Las ofertas ya han llegado. Ya ha sido admitida en varias escuelas de Derecho situadas en el "top 20" nacional, y que una de sus opciones preferidas incluso le ha puesto sobre la mesa una beca completa.
La decisión final aún no está cerrada, pero el mapa es nítido: una adolescencia atravesada por seminarios, jurisprudencia y pasillos llenos de adultos.
¿Afecta adelantar un curso?
Lo cierto es que el subir de curso no es una excentricidad reciente ni un capricho de familias ambiciosas: es una intervención educativa estudiada durante décadas. Dos meta-análisis, publicados en Review of Educational Research, sintetizaron alrededor de un siglo de investigación.
Concluyeron que, de media, este procedimiento de adelantar cursos y el agrupamiento por capacidad se asocian con mejoras en rendimiento académico (comparando con pares de la misma edad a los que no van adelantando cursos).
El punto polémico siempre es el mismo: ¿paga el alumno un peaje emocional?
Un estudio amplio en Países Bajos encontró diferencias mínimas y, cuando existían, tendían a favorecer a quienes habían avanzado de curso; además, no halló señales de daño por "saltos" múltiples en variables socioemocionales.
A ese argumento se suma una investigación muy citada por su horizonte temporal: un seguimiento de 35 años en jóvenes con alta precocidad intelectual. El trabajo analizó la idea, muy extendida, de que acelerar "rompe" el bienestar psicológico a largo plazo.

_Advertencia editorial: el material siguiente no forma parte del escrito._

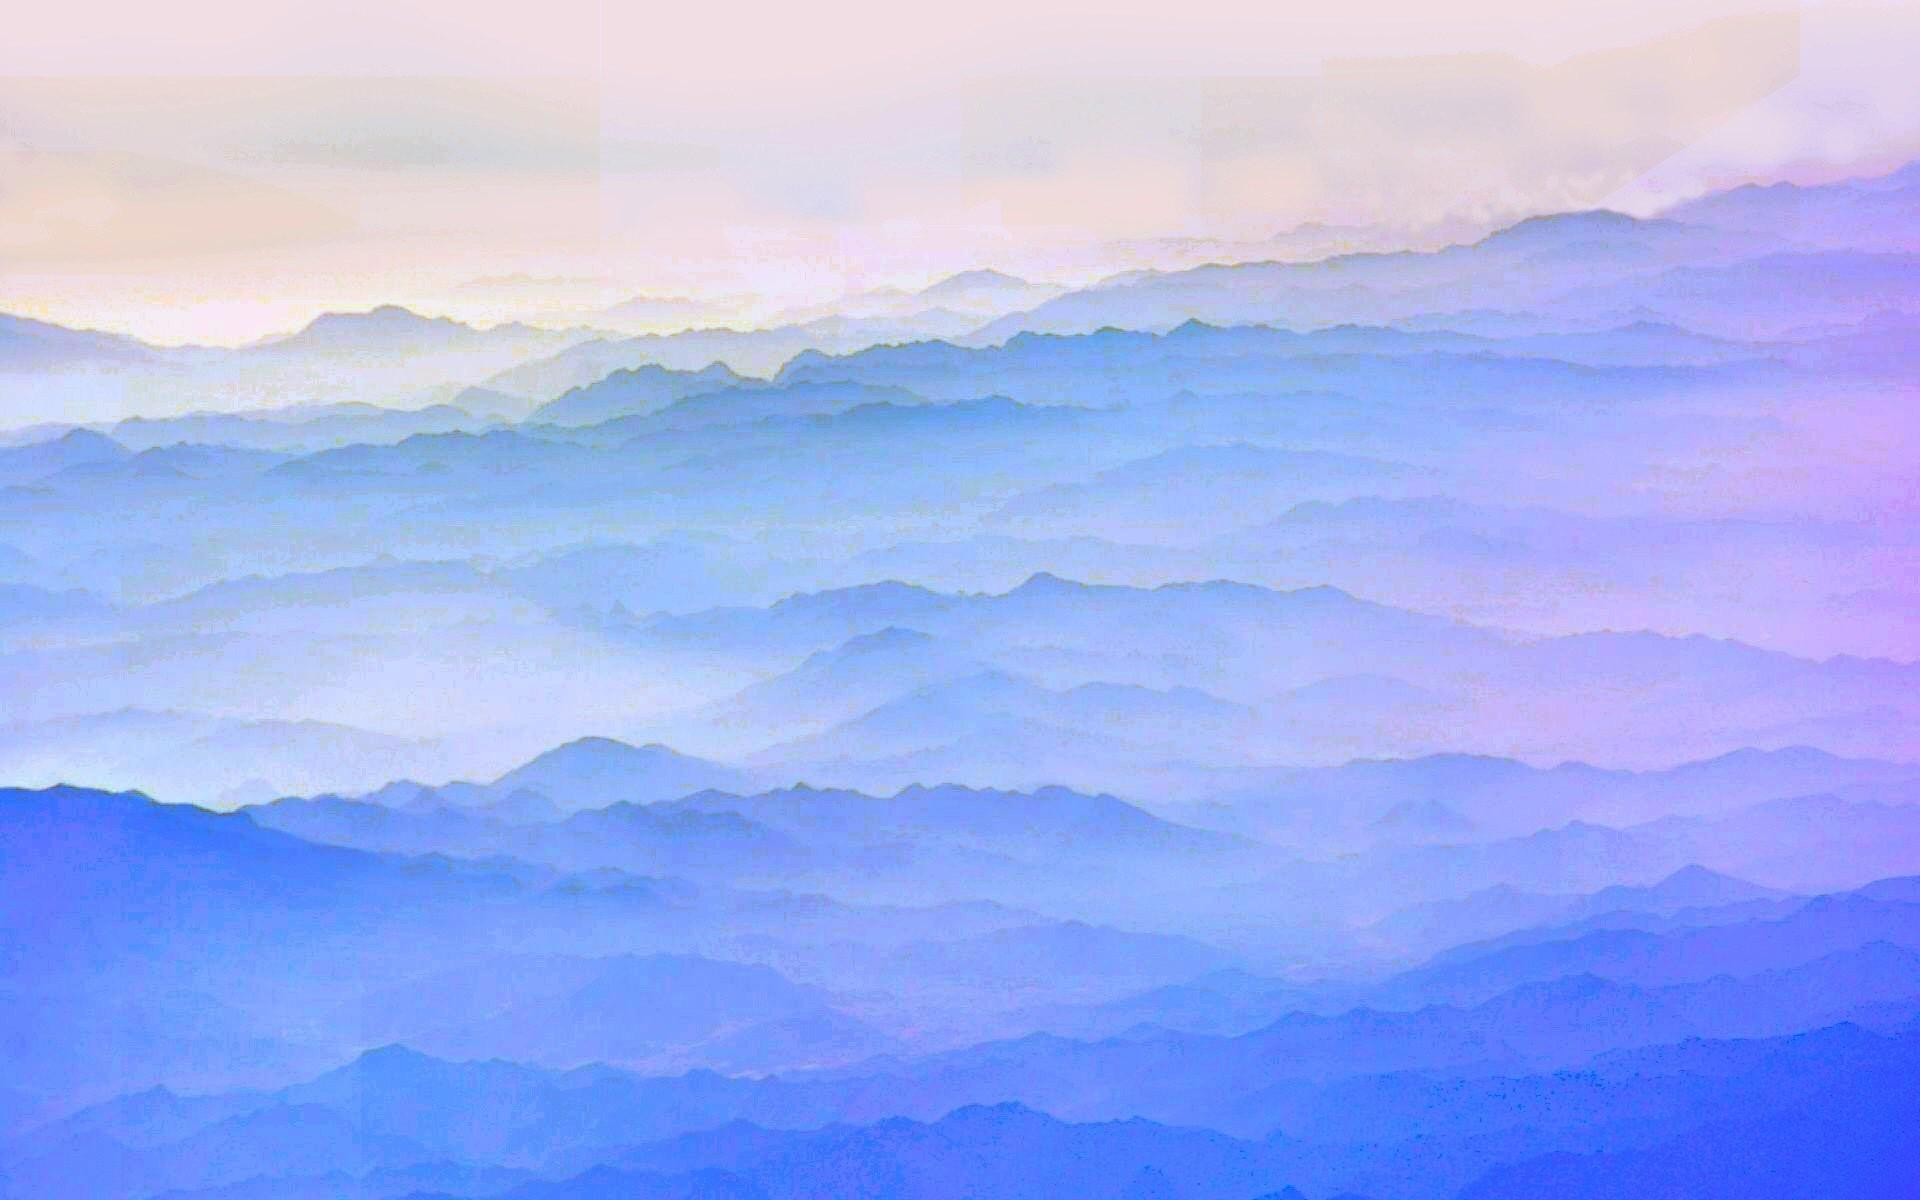 Pastel Wallpaper (71+ images)

Sus resultados no apoyan esa preocupación como regla general: quienes subieron de curso no mostraron un coste sostenido en bienestar respecto a quienes no lo hicieron.
Eso no significa que el reto desaparezca, sobre todo cuando esta circunstancia coloca al menor en entornos diseñados para adultos.

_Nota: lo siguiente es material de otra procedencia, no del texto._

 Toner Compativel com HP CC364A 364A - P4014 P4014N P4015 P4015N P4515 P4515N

La neurociencia del desarrollo lleva años describiendo la adolescencia como un periodo de cambios desiguales: sistemas de recompensa especialmente sensibles y control inhibitorio aún en consolidación, algo que influye en la gestión del estrés, la presión social y la toma de decisiones.
Al mismo tiempo, estudios recientes sugieren que varias funciones ejecutivas tienden a estabilizarse hacia niveles "adultos" en la adolescencia tardía (aprox. 18–20), con mucha variabilidad individual, un recordatorio útil contra explicaciones simplistas.
En el caso de Abigail, parte de ese andamiaje aparece en sus propias frases: insiste en que no ha "perdido" la adolescencia, que sigue quedando con amigos, que juega a videojuegos y que hace cosas tan poco épicas —pintarse las uñas— como cualquiera a su edad.
Lo que cambia no es el derecho a ser adolescente; cambia el escenario en el que aprende. Y ahí está, quizá, la lección menos vistosa para el sistema: cuando el ritmo de un estudiante es distinto, el trabajo no es frenarlo por miedo, sino cuidar el equilibrio para que avance sin quedarse solo.
Si todo sale como ella imagina, el destino final tampoco es un despacho de élite. Su objetivo declarado es montar una organización sin ánimo de lucro para ofrecer asistencia legal gratuita a comunidades vulnerables.